Code contact: Benoit Guillard

Requirements

This code was tested on Ubuntu 18.04.3 LTS with CUDA 10.2 and PyTorch 1.2.0. We provide an environment description file to directly set up a conda env with:

conda env create -f conda_env.yml
conda activate uclidnet

To compile required CUDA kernels for Chamfer distance (credits to Thibault Groueix) and grid pooling, please do:

cd extensions
python setup.py install --user

Optionally, training metrics are tracked using Weights & Biases if a correct installation is detected.

Datasets and Pre-trained Models

Instructions to get datasets to place in the data/ directory are provided here. We also provide trained networks to place in the trained_models/ directory as explained here.

Training and Evaluation of the main model

To train a UCLID-Net model, run train_UCLID_Net.py, using the --test_split and --train_split options. We provide splits for the car category, and for the 13 main categories of ShapeNet in data/splits/. For example, to train a model on the car subset, run:

python train_UCLID_Net.py --train_split data/splits/cars_train.json --test_split data/splits/cars_test.json

Hyperparameters are already set to their default value used in the main paper. Outputs (trained network, logfile and prediction samples) are stored in the output/ directory.

To evaluate the network, run test_UCLID_Net.py specifying the path to the trained weights using the --model option. For example, using the provided trained model on all categories

python test_UCLID_Net.py --test_split data/splits/all_13_classes_test.json --model trained_models/UCLID_Net_all_classes.pth

should approximately give the following metrics

ChamferShell IoUF-score @5%
6.537%95.4%

The small discrepancy with metrics reported in the paper is due to the fact we here evaluate on our own ShapeNet RGB renderings, which have different random viewpoints as the ones provided by the authors of DISN. Latter renderings were used in the main paper.

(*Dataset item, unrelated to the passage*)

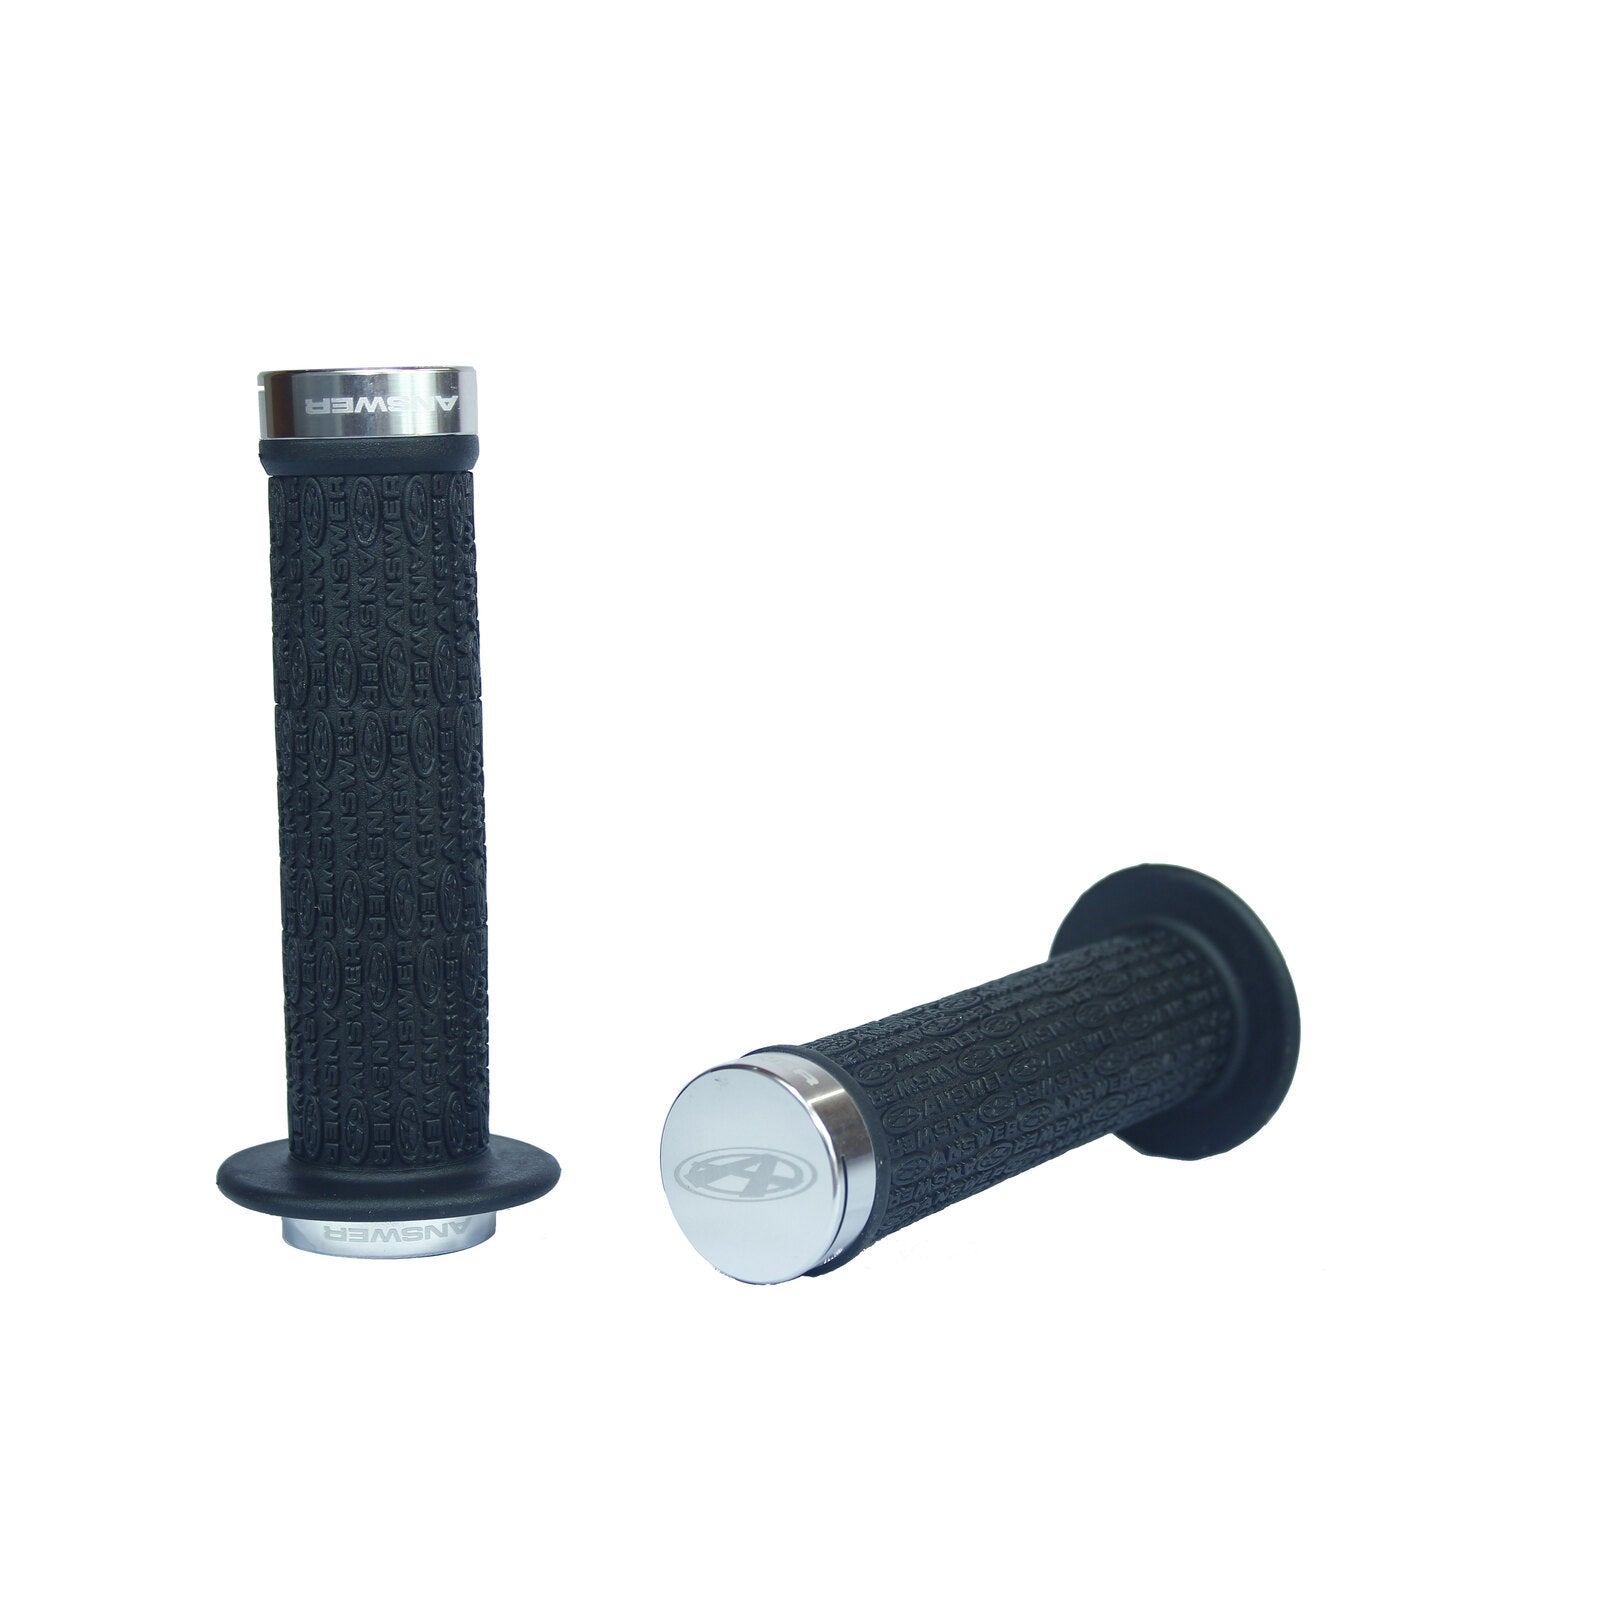 A pair of flangeless black rubber grips, the Answer Mini Lock-On Flanged Grips, on a white background.

In addition to computing metrics, the evaluation script also outputs reconstructed 3D points clouds for 10 instances of each category. These are to be found in a directory named after the trained model's weights file (trained_models/UCLID_Net_all_classes/ in the above example).

Auxiliary Networks: Depth and Camera regressions

We provide the architectures, trained weights and training scripts for both auxiliary networks regressing depthmaps and cameras. They can respectively be trained using train_image2depth.py and train_image2camera.py. Depth estimation mainly comes from Haofeng Chen's awesome work.

Once trained, use generate_image2depth.py and generate_image2camera.py to regress depth and pose for all views of the dataset. For example, the following will generate cameras for all views of the 13 shapes categories using the provided pre-trained model, and store them in data/newly_inferred_camera :

python generate_image2camera.py --model trained_models/image2cam_all_classes.pth --test_split data/splits/all_13_classes_test.json --train_split data/splits/all_13_classes_train.json  --output_dir data/newly_inferred_camera

These depthmaps and camera poses can be used for testing/training a UCLID-Net model in place of the ground truth ones, as described here.